In July, the Centers for Medicare and Medicaid Services (CMS) announced their Calendar Year (CY) 2023 Medicare Physician Fee Schedule Proposed Rule. Comments on the proposed changes will be accepted through September 6, 2022. The final rule will then be released around November 1 and the changes will take effect on January 1, 2023. There are a number of policy update proposals that will affect your independent practice.
In their fact sheet, CMS emphasizes that they are seeking input as they “develop a more consistent, predictable approach to incorporating new data in setting PFS rates.” The organization states that it hopes to “implement changes that will promote transparency and predictability in payment amounts.”
In particular, the organization is proposing to “rebase and revise” the Medicare Economic Index (MEI) cost share weights for CY 2023. The MEI measures the input price pressures of providing physician services. CMS says they are proposing a new methodology for estimating base year expenses that relies on publicly available data from the US Census Bureau NAICS 6211 Offices of Physicians.
Using the new MEI cost weights to set Physician Fee Schedule (PFS) rates would not change overall spending on PFS services but would likely result in significant changes to payments among PFS services.
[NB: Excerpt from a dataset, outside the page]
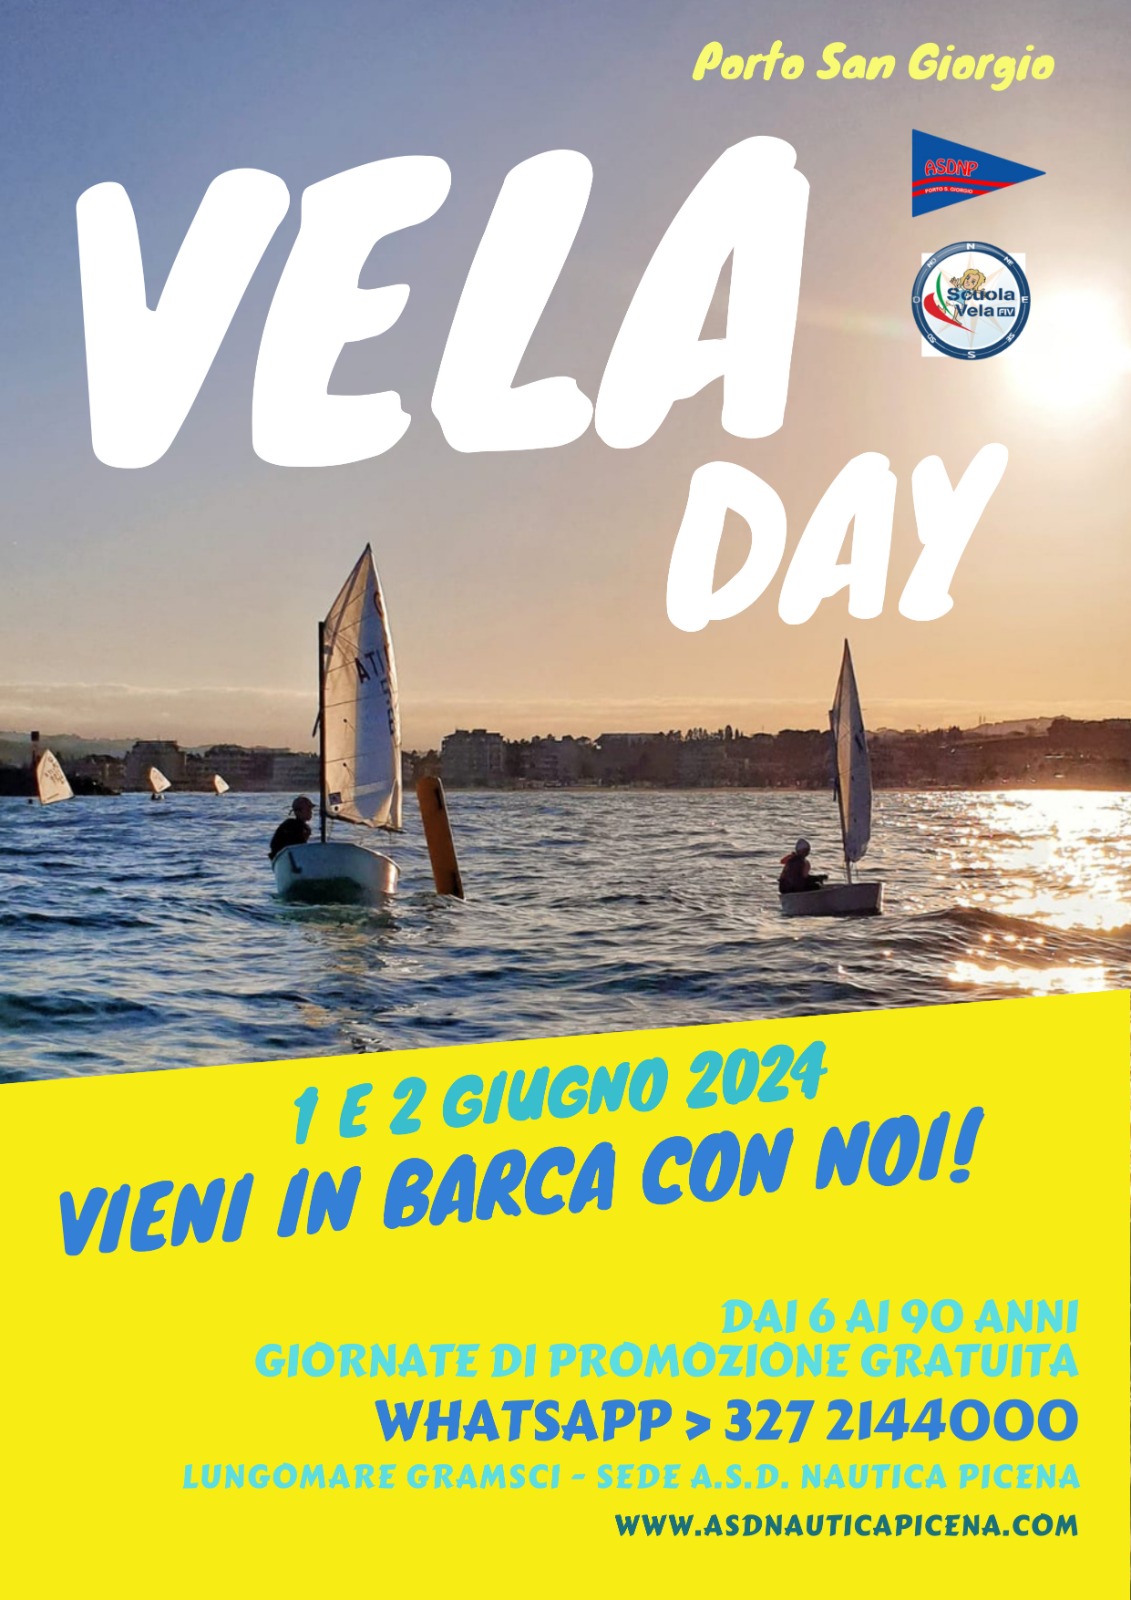 Vela Day
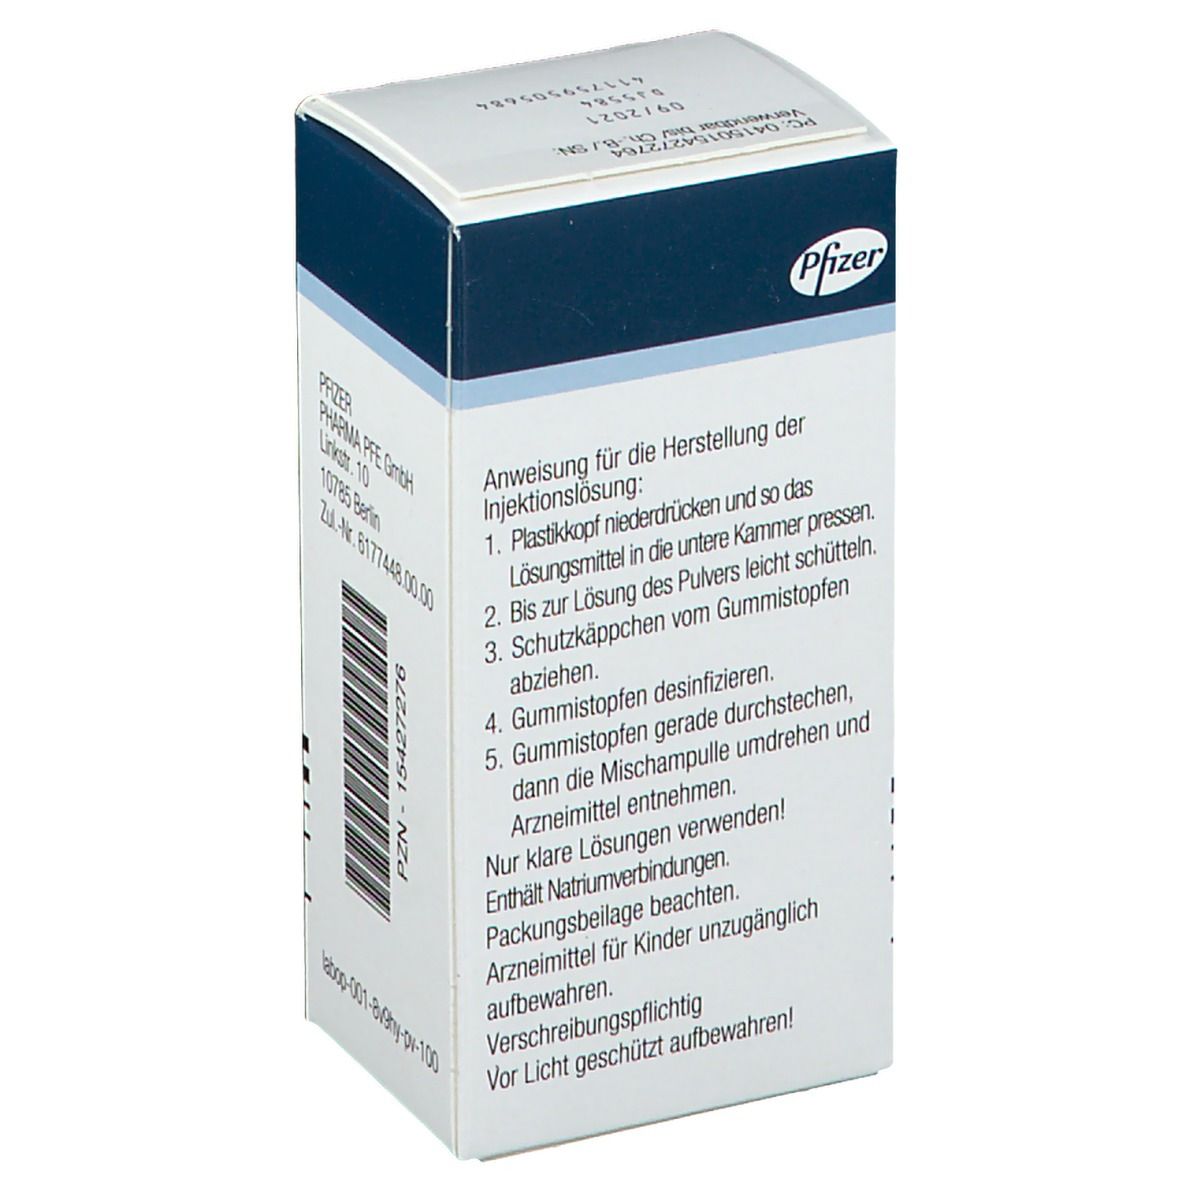 HYDROCORTISON Pfizer 100 mg sine

In consideration of ongoing efforts to update the PFS payment rates with more predictability and transparency, and in the interest in ensuring payment stability, CMS is proposing not to use the proposed updated MEI cost share weights to set PFS payment rates for CY 2023. However, they are soliciting comments on the potential use of the proposed updated MEI cost share weights to calibrate payment rates and update the GPCI under the PFS in the future.
Elation Health is here to support your independent practice as you navigate the changes. Our electronic health record (EHR) solution handles your clinical documentation, practice operations, and reimbursement from a single, intuitive platform so you can provide great care while sustaining a successful practice.
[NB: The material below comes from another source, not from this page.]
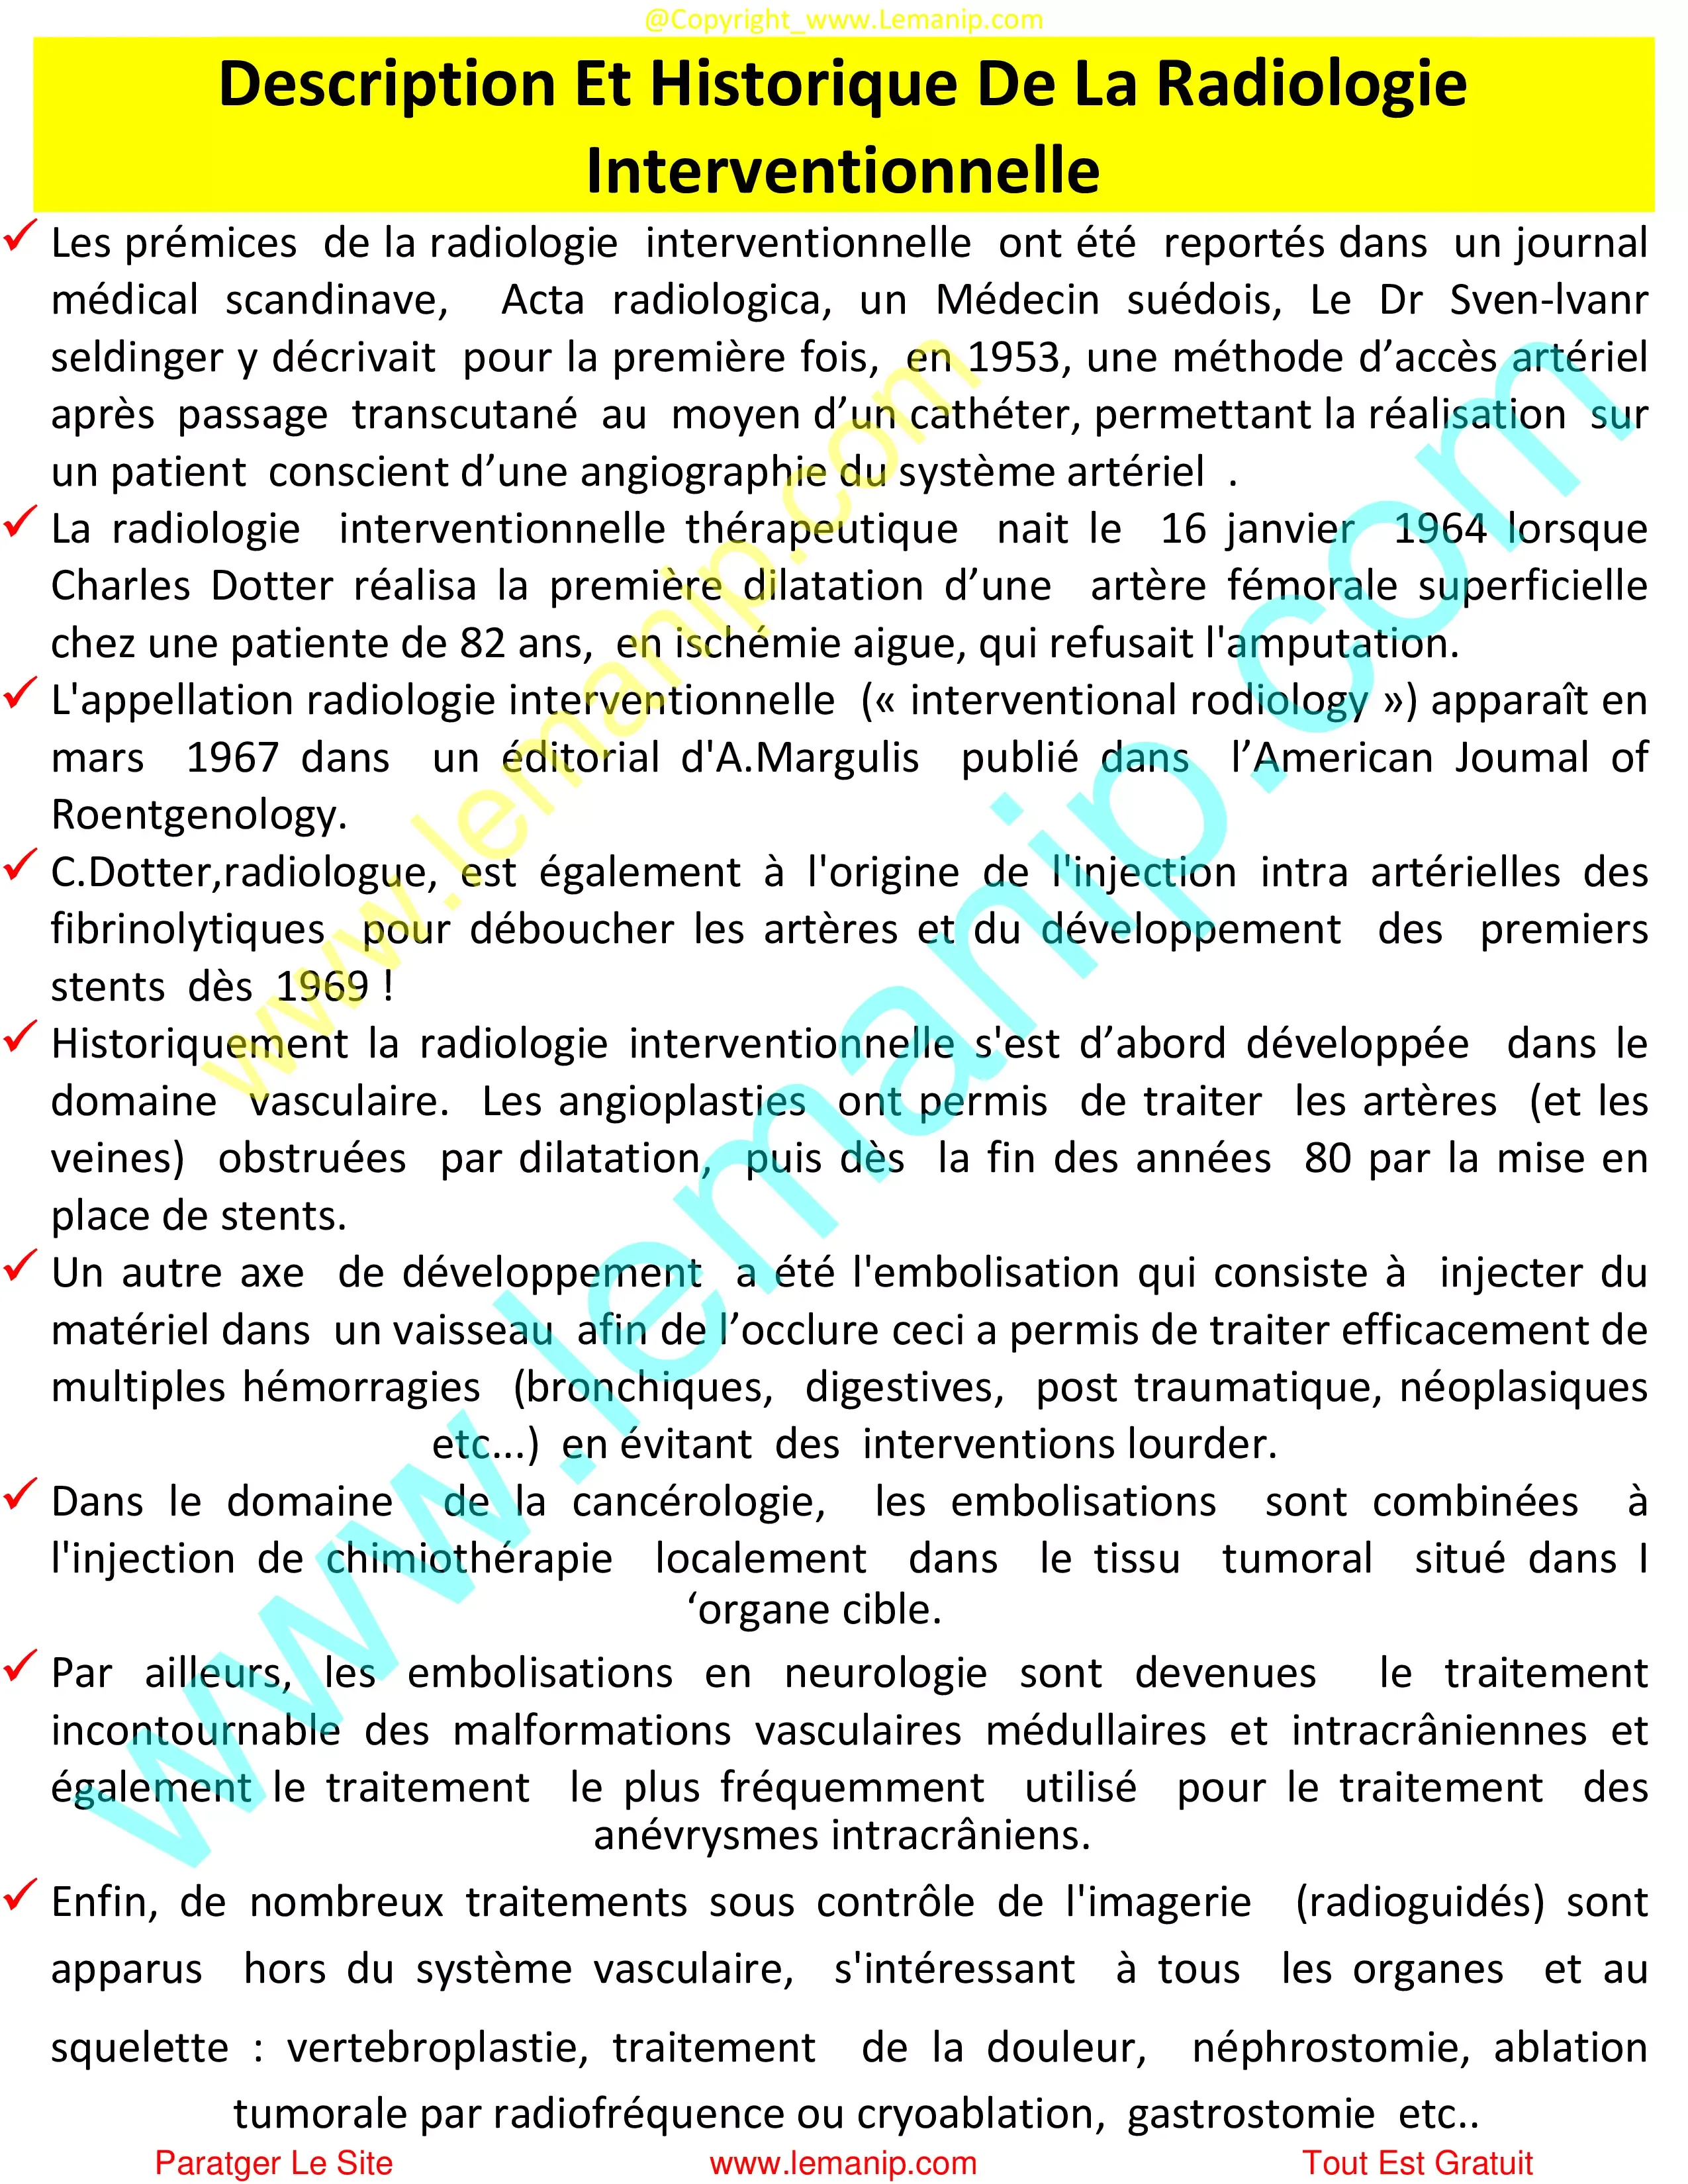 Description Et Historique De La Radiologie Interventionnelle

Other significant aspects of the proposed policy updates for independent practices include:
- Adopting CPT changes in coding and documenting other evaluation and management (E/M) visits, including hospital inpatient, hospital observation, emergency department, nursing facility, home or residence services, and cognitive impairment assessment
- Making several temporarily available telehealth services during the public health emergency (PHE) covered through CY 2023 on a Category 3 basis; extending the time these services are temporarily included on the telehealth services list following the end of the PHE.
- New HCPCS codes and valuation for chronic pain management and treatment services (CPM) for CY 2023. CMS believes the proposed CPM HCPCS codes would, if finalized, facilitate payment for medically necessary services, prompt more practitioners to welcome Medicare beneficiaries with chronic pain into their practices, and encourage practitioners already treating Medicare beneficiaries who have pain to spend the time to help them manage their condition within a trusting, supportive, and ongoing care partnership.
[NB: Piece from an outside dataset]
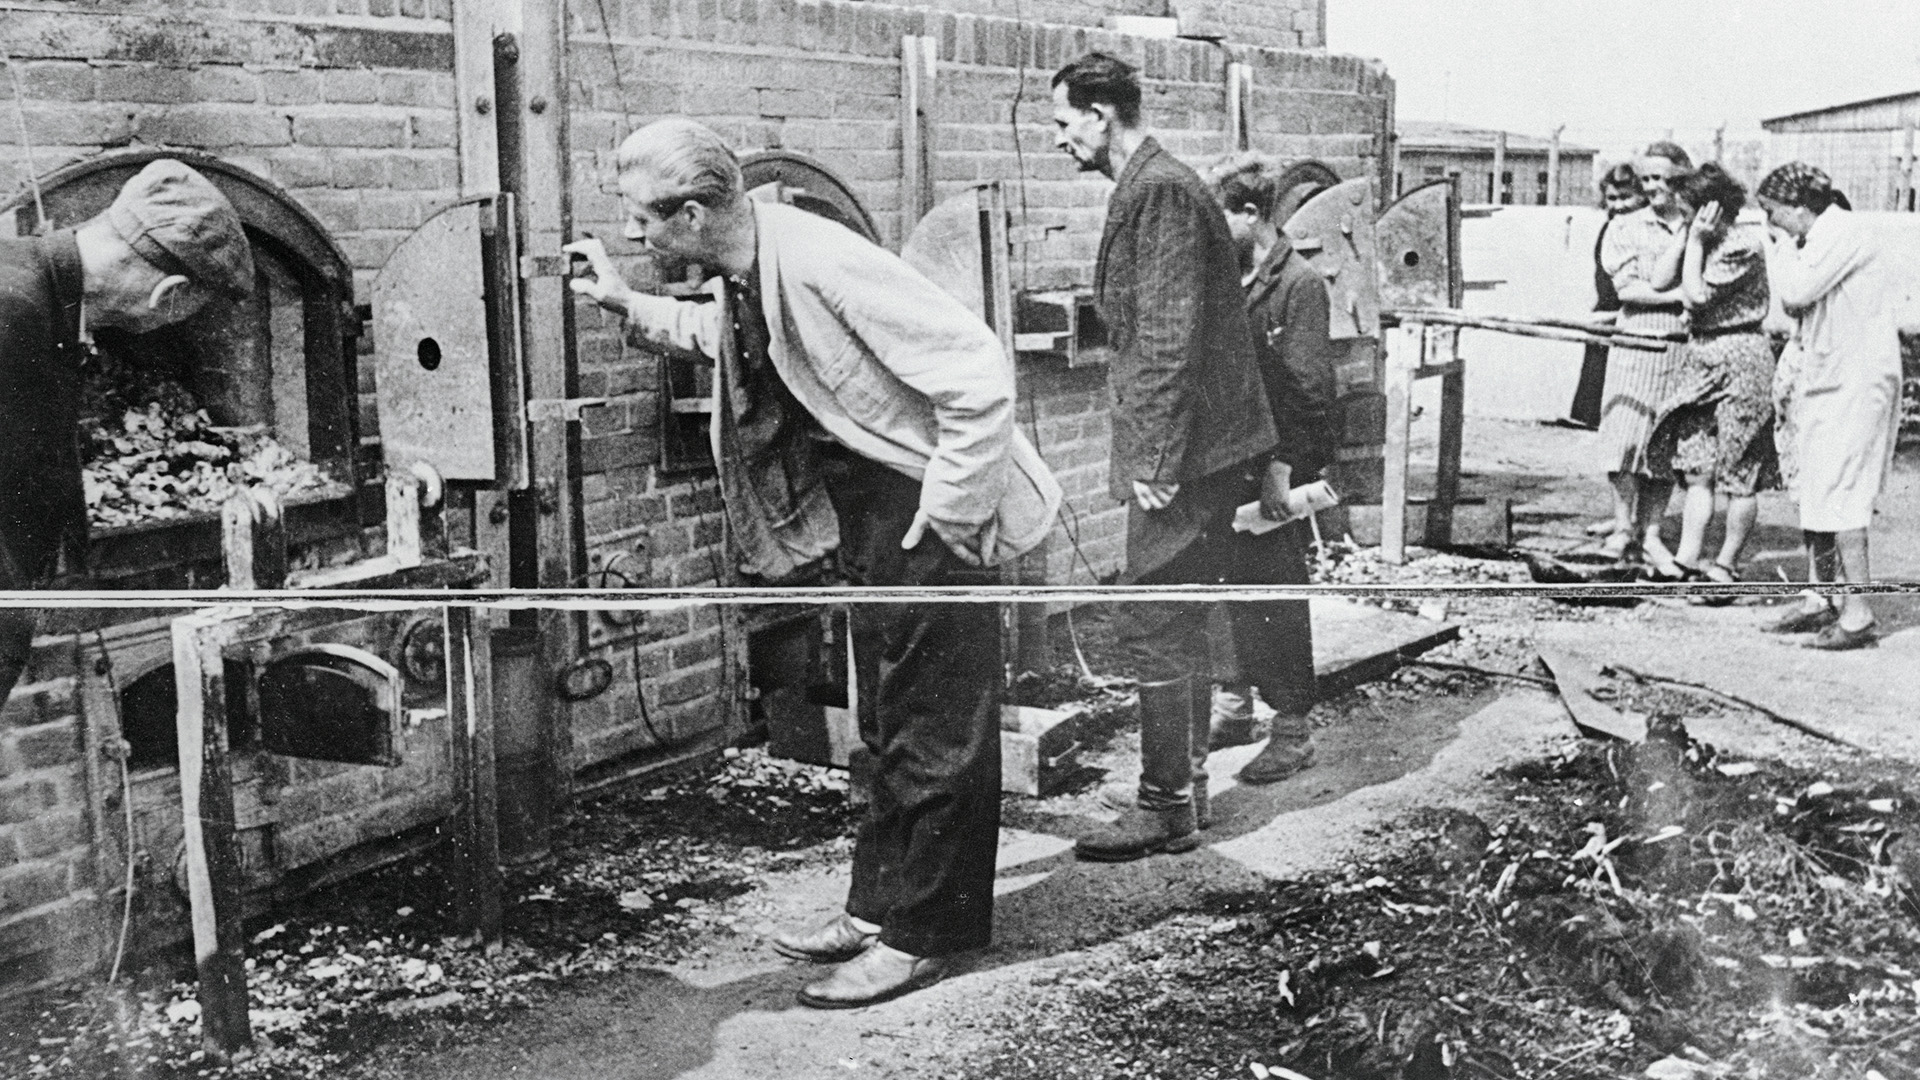 Los hornos crematorios del campo de exterminio de Majdanek, donde se disponían los cuerpos de los muertos por los nazis en las cámaras de gas. Ciudadanos polacos observan los restos poco después de la rendición de las tropas alemanas

- Expanding access to Accountable Care Organizations (ACOs) by incorporating advance shared savings payments to certain ACOs; allowing smaller ACOs more time to transition to downside risk; and creating a health equity adjustment to reward excellent care delivered to underserved populations.
The organization is seeking input and comments regarding the changes proposed for ACOs. They are proposing changes to the quality reporting and the quality performance requirements that are responsive to interested parties’ feedback and designed to support transition of ACOs to all payer quality measure reporting. These proposals include reinstitution of a sliding scale reflecting an ACO’s quality performance for use in determining shared savings for ACOs, regardless of how they report quality data, and to revise the approach for determining shared losses for ENHANCED track ACOs.
CMS is also proposing:
- To extend the incentive for reporting eCQMs/MIPS CQMs through performance year 2024 to align with the sunsetting of the CMS Web Interface reporting option.
- To implement a health equity adjustment to an ACO’s quality performance category score to recognize high quality performance by ACOs with high underserved populations.
- Benchmarking policies to establish quality measure benchmarks and minimum attainment level for the CMS Web Interface measures for performance years 2022, 2023 and 2024 under the Shared Savings Program.